All lovers of freedom of expression must be grateful to the Television and Entertainment Licensing Authority (TELA) for the hilarious way in which it goes about its work.
I do not personally approve of censorship, generally speaking. But if there must be censorship let us by all means have it done by the bunch of boneheads responsible for Friday's story in the South China Morning Post about the Internet blacklist.
It seems that some local Internet service providers - the people who for a small fee will connect your domestic computer to a local tendril of the World-Wide Web - are in the habit of offering a discount for students.
Some of them - or, I suspect, one of them - asked the authority if it had a list of sites which were 'unsuitable for children'. I am not sure whether the service providers can differentiate between their student subscribers and the rest. I wonder whether having 'blocked' the unsuitable sites from young beholders they would still be accessible to adults.

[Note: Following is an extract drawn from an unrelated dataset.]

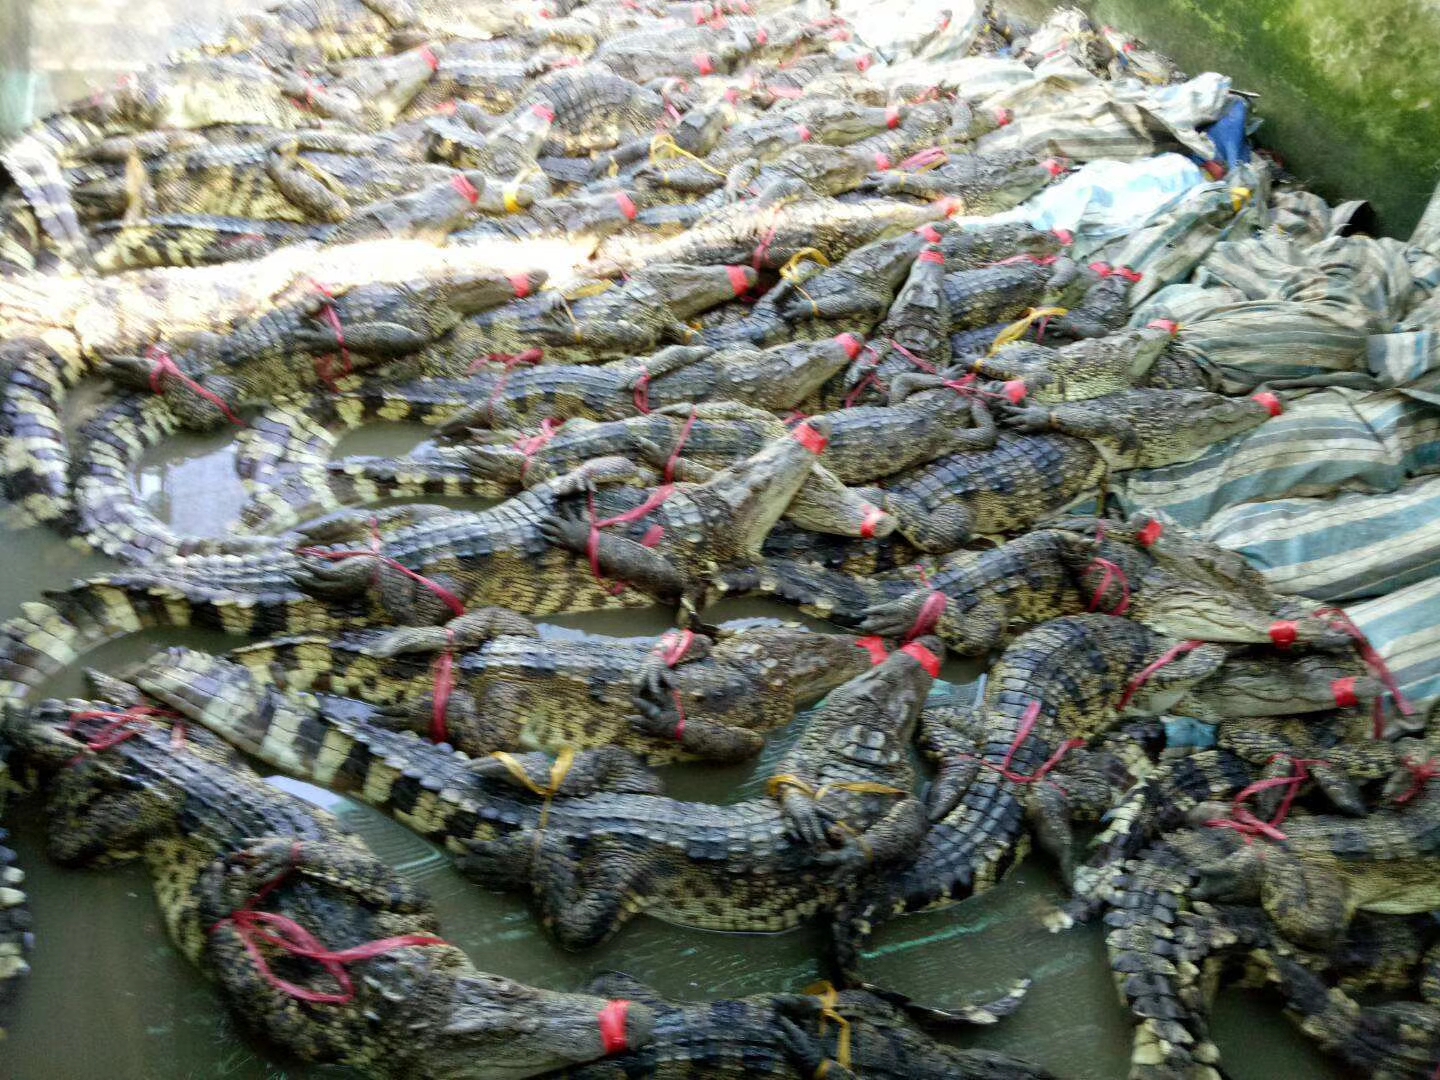 印度鳄鱼养殖场图片

Still, whatever the position about this, it is a pity that Internet service providers should invite official intervention of this kind. Today's voluntary advice easily becomes tomorrow's compulsory index of forbidden topics. Technically literate computer buffs should find it very easy to compile a list of objectionable sites for themselves.
Having been invited to supply a blacklist, the licensing authority could have replied that this was none of its business. I do not believe there is anything in the authority's terms of reference which requires it to provide advice of this kind to private businesses at the taxpayer's expense.